INPUT FOR THIS TASK START

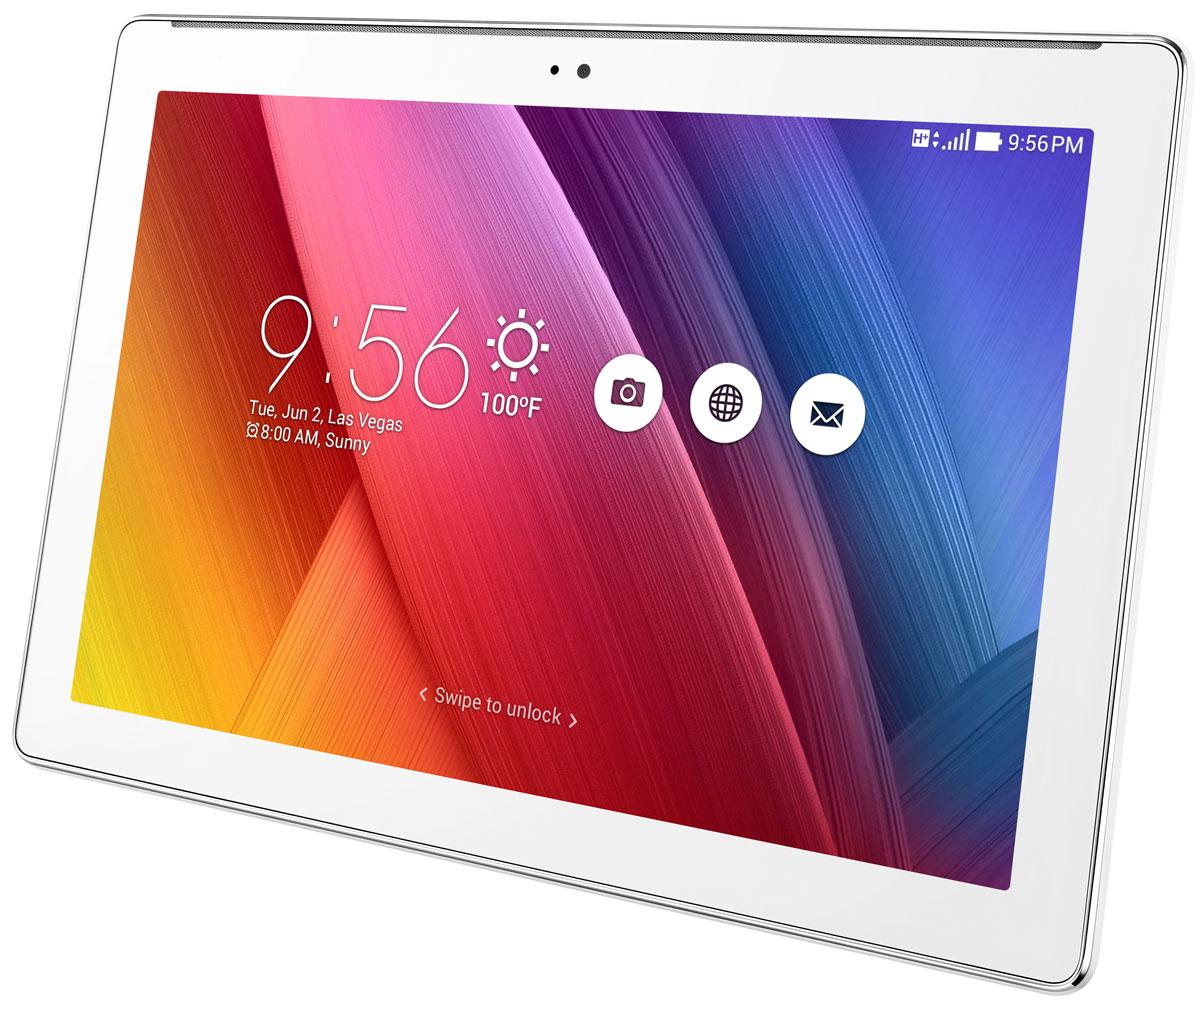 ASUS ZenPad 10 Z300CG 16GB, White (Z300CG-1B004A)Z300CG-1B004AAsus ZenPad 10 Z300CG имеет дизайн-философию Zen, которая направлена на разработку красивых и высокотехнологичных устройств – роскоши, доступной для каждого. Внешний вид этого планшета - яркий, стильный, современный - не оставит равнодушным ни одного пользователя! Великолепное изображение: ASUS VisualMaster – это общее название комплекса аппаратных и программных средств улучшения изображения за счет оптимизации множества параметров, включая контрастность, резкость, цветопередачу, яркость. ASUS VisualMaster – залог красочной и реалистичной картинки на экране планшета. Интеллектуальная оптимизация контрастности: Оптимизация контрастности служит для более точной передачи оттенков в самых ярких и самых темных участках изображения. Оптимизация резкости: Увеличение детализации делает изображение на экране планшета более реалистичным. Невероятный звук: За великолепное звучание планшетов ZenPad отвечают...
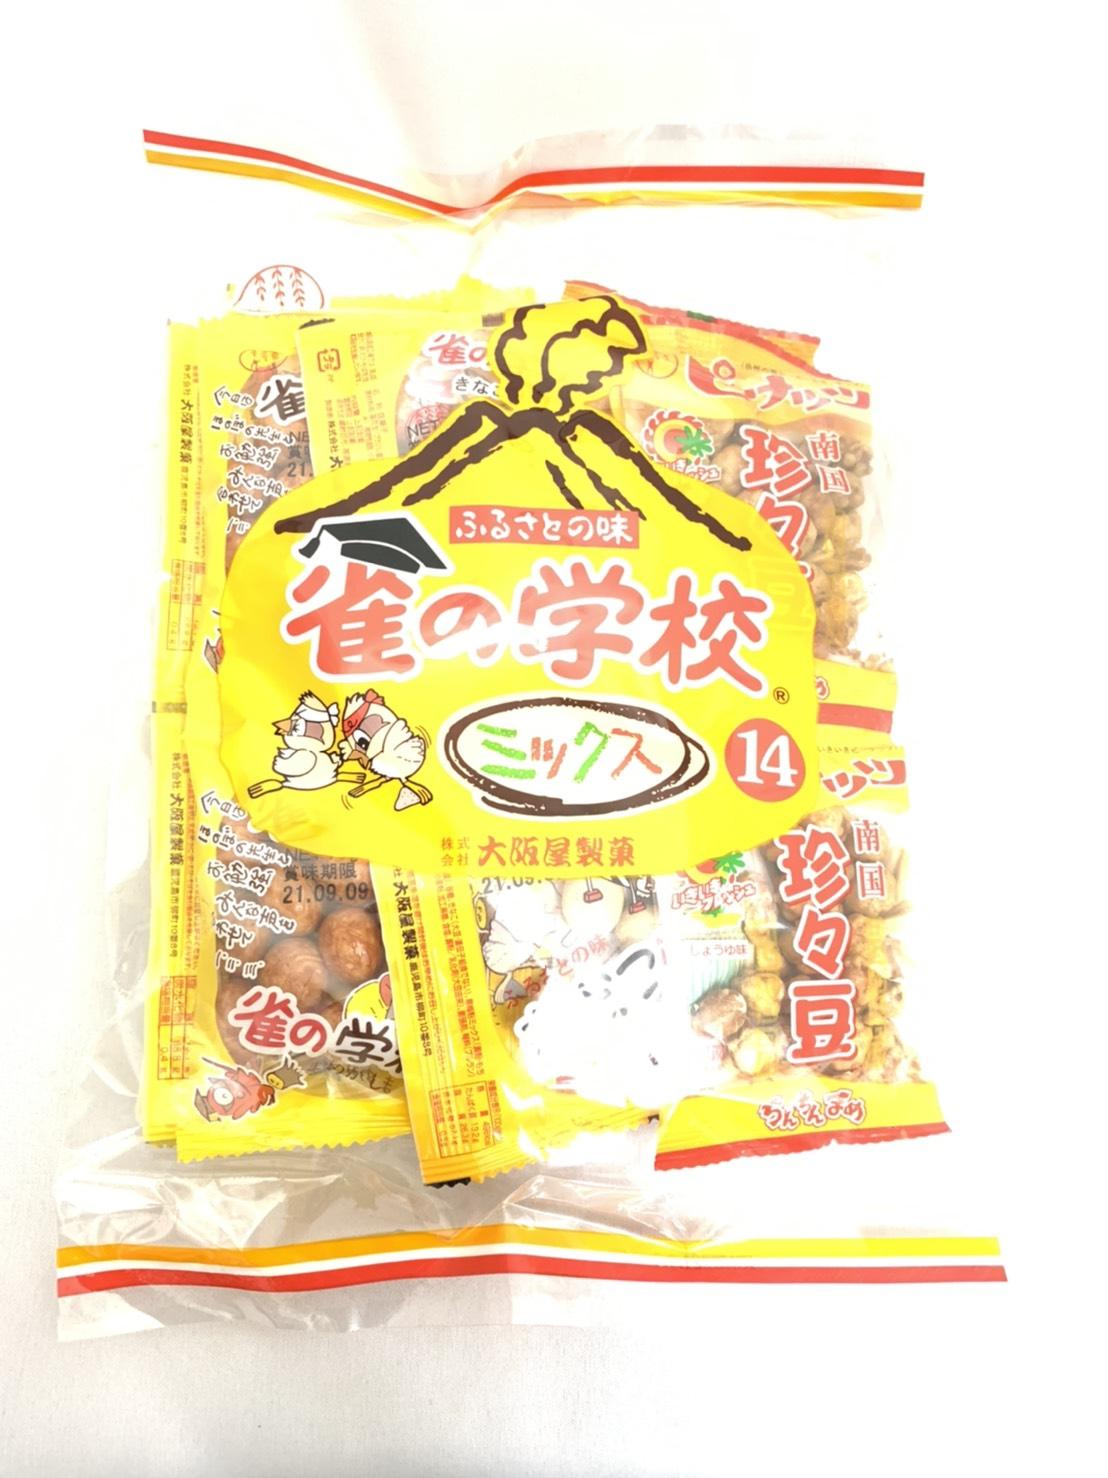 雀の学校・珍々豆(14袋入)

INPUT FOR THIS TASK END
INPUT FOR THIS TASK START

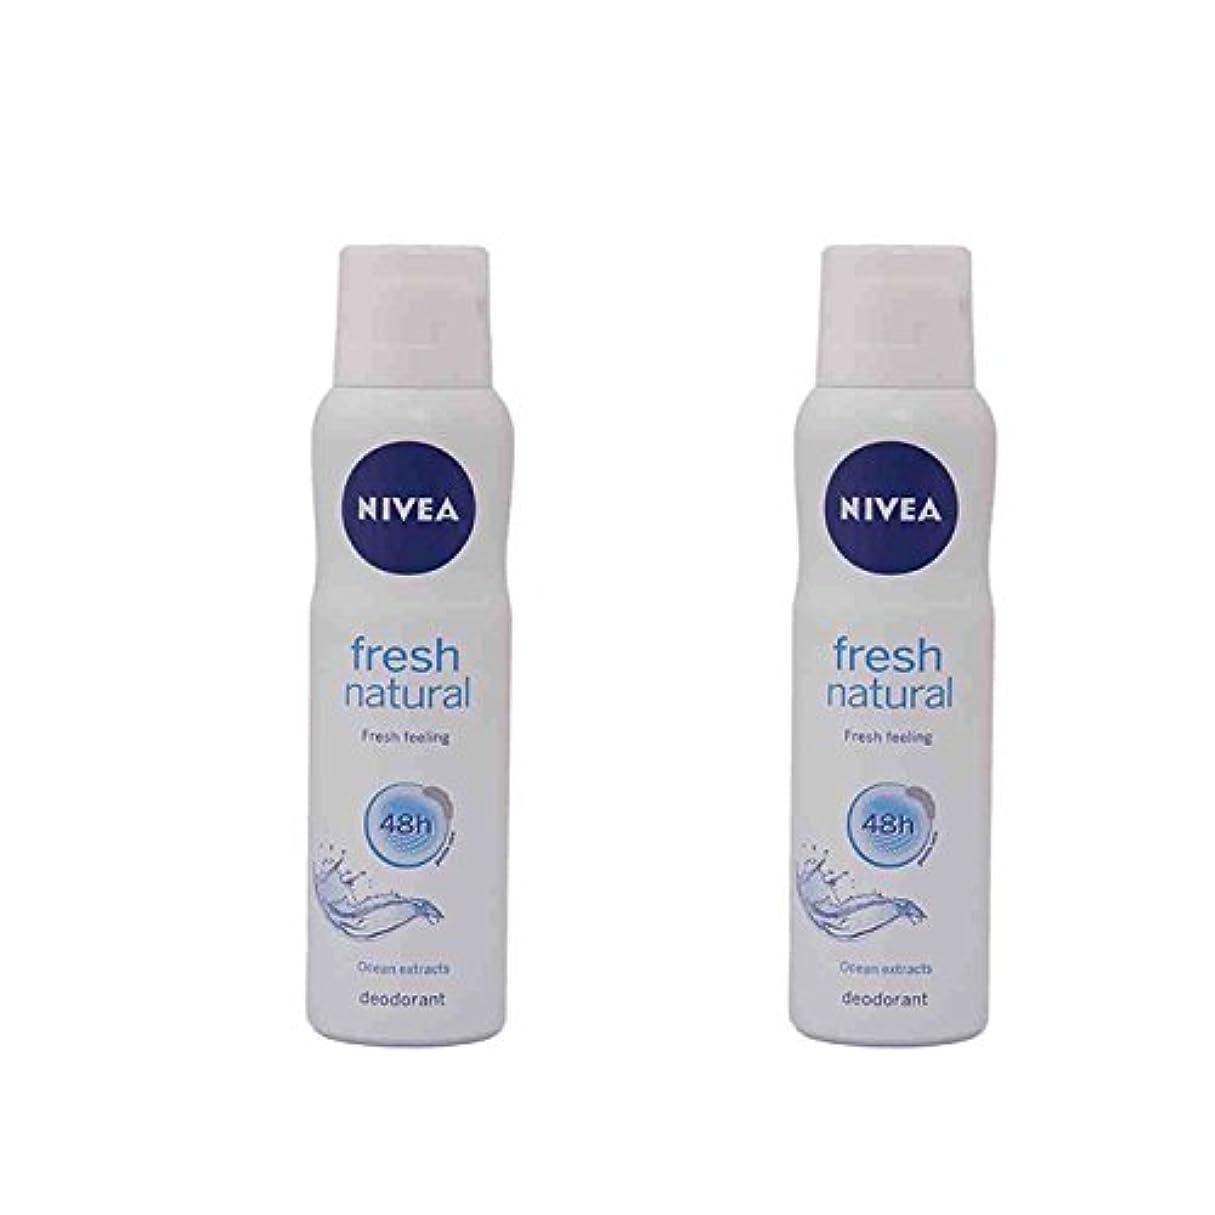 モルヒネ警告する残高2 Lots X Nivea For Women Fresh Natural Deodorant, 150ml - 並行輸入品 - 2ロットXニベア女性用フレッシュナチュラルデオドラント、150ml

INPUT FOR THIS TASK END

#### WHAT TO WORK ON:
Look above for the line with "ASUS ZenPad 10 Z300CG 16GB, White", then print it and each line after it down to and including the line with "雀の学校・珍々豆(14袋入)". Leave out the pictures and keep the wording exact.

#### ANSWER FOR THE TASK:
 ASUS ZenPad 10 Z300CG 16GB, White (Z300CG-1B004A)Z300CG-1B004AAsus ZenPad 10 Z300CG имеет дизайн-философию Zen, которая направлена на разработку красивых и высокотехнологичных устройств – роскоши, доступной для каждого. Внешний вид этого планшета - яркий, стильный, современный - не оставит равнодушным ни одного пользователя! Великолепное изображение: ASUS VisualMaster – это общее название комплекса аппаратных и программных средств улучшения изображения за счет оптимизации множества параметров, включая контрастность, резкость, цветопередачу, яркость. ASUS VisualMaster – залог красочной и реалистичной картинки на экране планшета. Интеллектуальная оптимизация контрастности: Оптимизация контрастности служит для более точной передачи оттенков в самых ярких и самых темных участках изображения. Оптимизация резкости: Увеличение детализации делает изображение на экране планшета более реалистичным. Невероятный звук: За великолепное звучание планшетов ZenPad отвечают...
 雀の学校・珍々豆(14袋入)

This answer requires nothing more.